Friday, Jul. 01, 1966

Action in the Pits

While the stock market has been drifting sidewise, another exchange has been moving at a furious pace. At Chicago's Board of Trade, biggest and busiest commodity market in the world, pit brokers have perspired through two weeks of record business. On one day, they traded an alltime-high 270 million bushels of wheat, corn, oats, rye and soybeans--an amount almost three times greater than last year's average. Twice the market's opening had to be delayed an hour in order to catch up on paper work, something that had never happened before in the board's 118-year history.

Commodities trading is more intricate than stock trading and a lot more hazardous for the unwary. Ranged on the steps of seven pits on Chicago's trading floor, the brokers transact orders for Kansas wheat, Illinois soybeans, or other crops that have not yet been harvested and in some cases not even planted. Sales of such futures are made with hand signals--palm up and in when a broker is buying, or up and out when he is selling. Fingers are held horizontally and manipulated to indicate prices offered or asked. Each contract represents 5,000 bushels of a commodity. The contracts are still traded on margins as low as 10% of actual crop prices. Margins on the principal commodities were raised last week by the Chicago Board of Trade after repeated urgings by the Department of Agriculture. Even so, for as little as $1,000, a gutsy buyer can get a contract that six months later could entitle him to a cascade of Midwest hard wheat.
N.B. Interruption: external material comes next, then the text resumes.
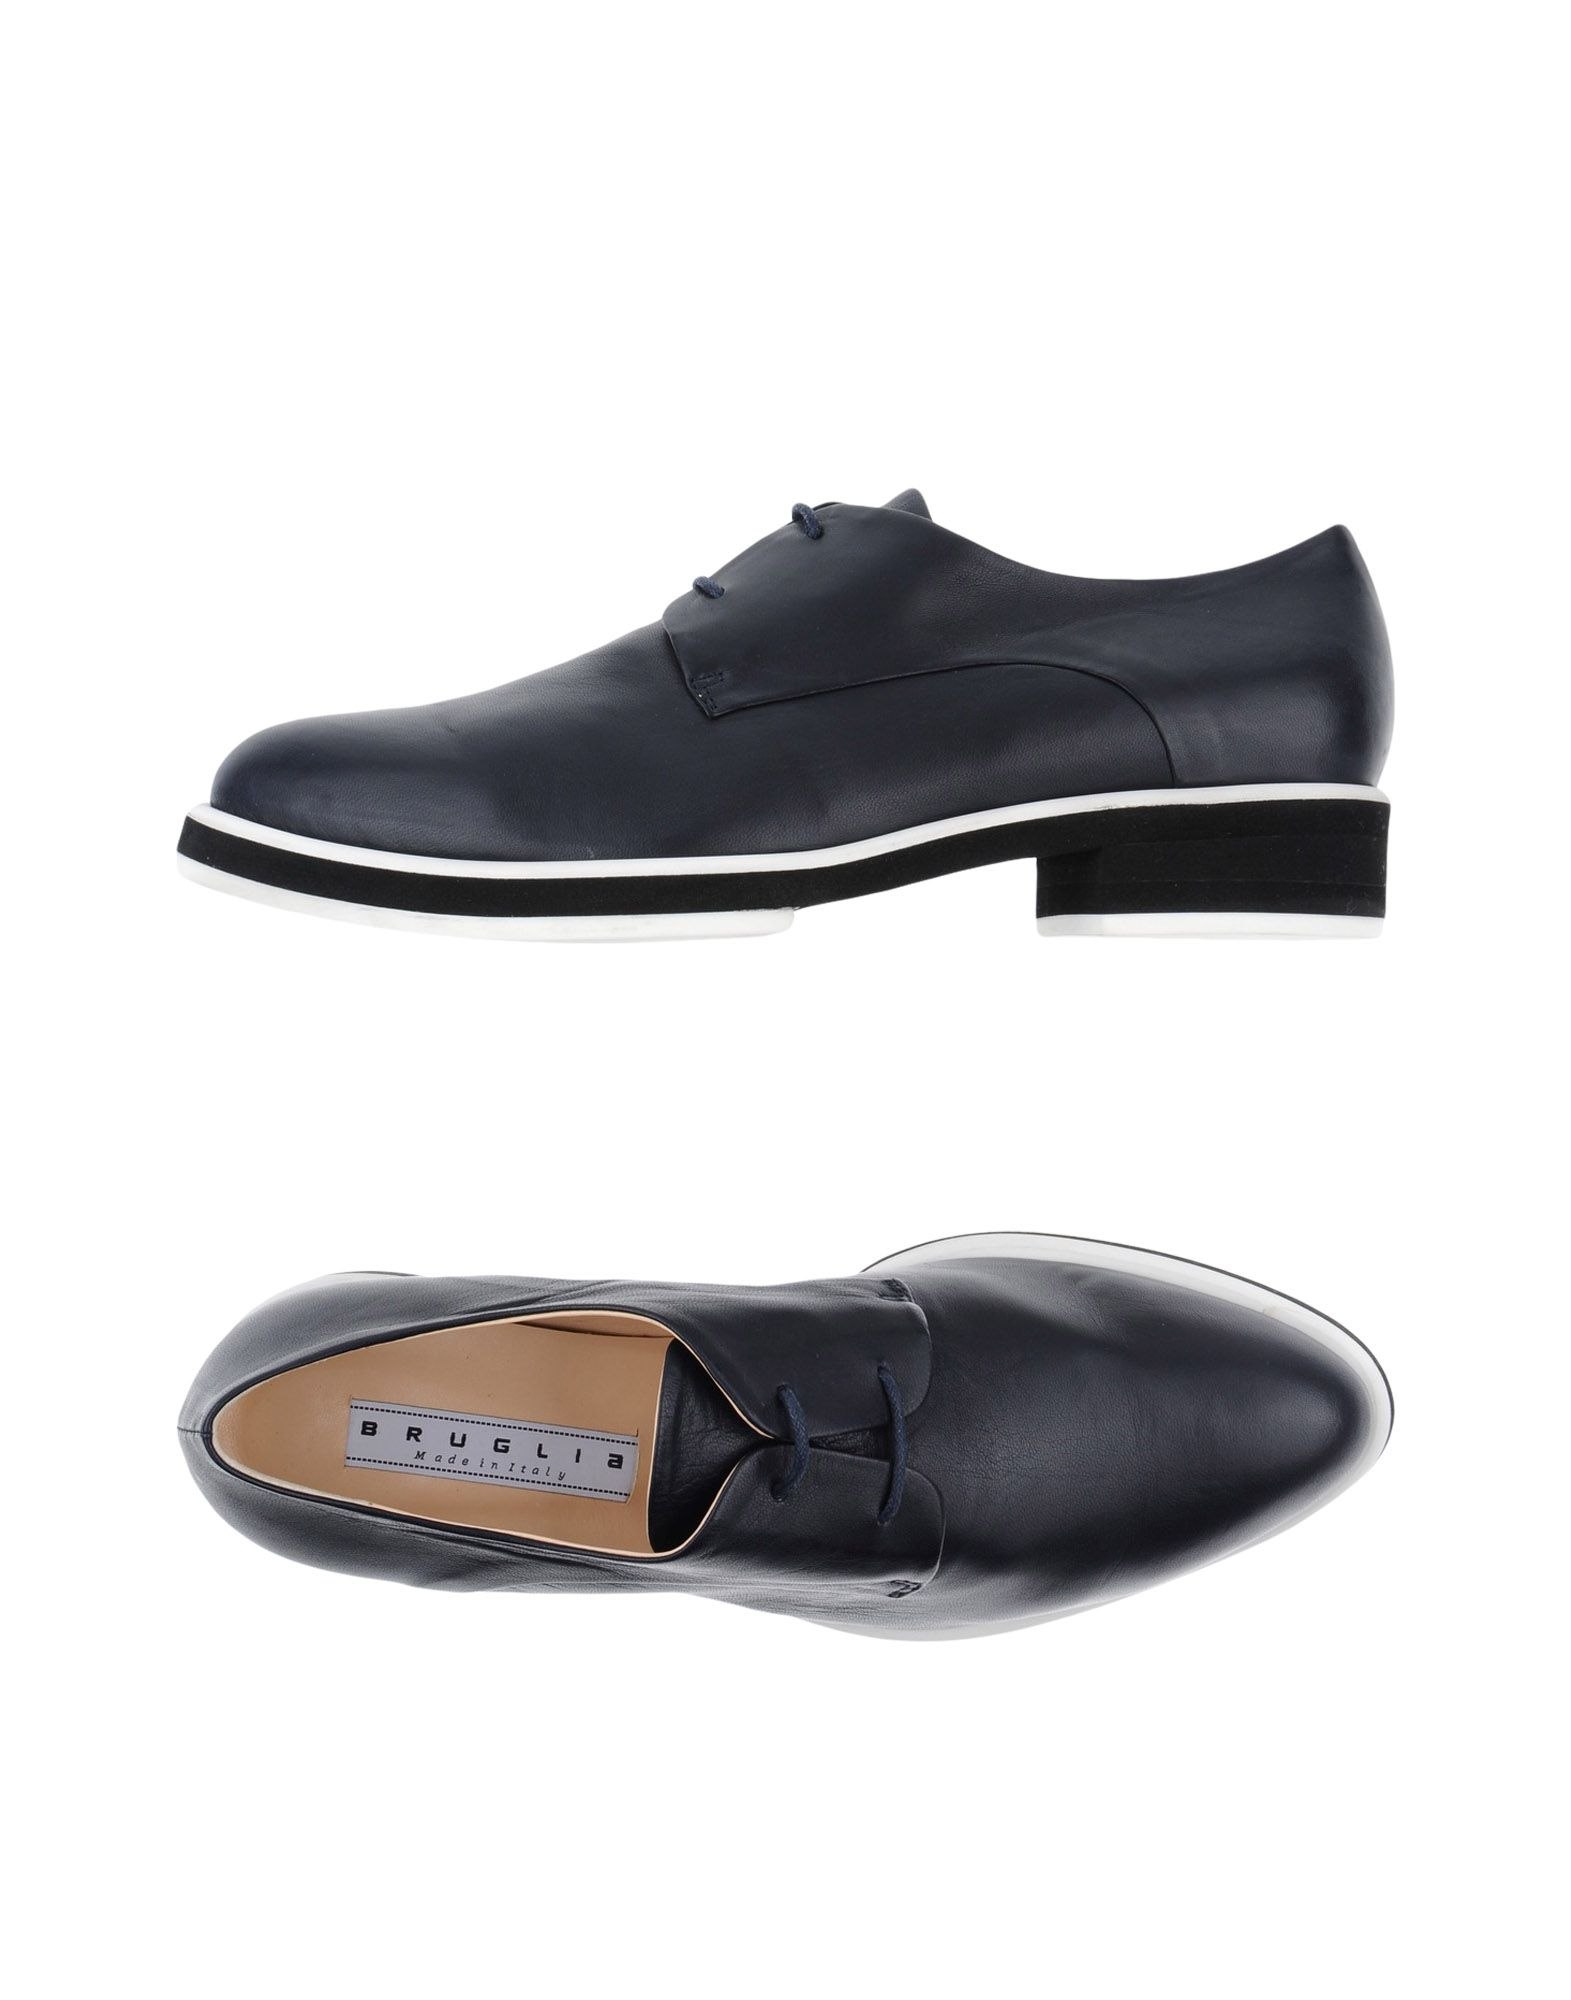 Zapatos casuales salvajes Zapato De Cordones F.Lli Bruglia De Mujer - Zapatos De Bruglia Cordones F.Lli Bruglia  Azul oscuro d31518

The trick is to know how long to hold a contract and when to sell. Prices rise sharply on good news, fall in a matter of minutes on bad news, and gyrate with changes in weather forecasts. Last week's action was generated largely by reports of reduced grain surpluses and the Soviet purchase of Canadian wheat. Two weeks ago, Vice President Humphrey caused a 3% jump in soybean futures by revealing in a speech to farm editors that the soybean surplus this fall will be only 32 million bushels, or a two-week reserve, rather than the 48 million bushels that the Government had previously estimated. Soon after, July soybean contracts dropped 11 1/2% as a result of profit taking. Many individual fortunes have been made in trading over the past furious fortnight. In such a speculative market, amateurs are discouraged from going in, and even the wisest take an occasional bath in corn or wheat or oats.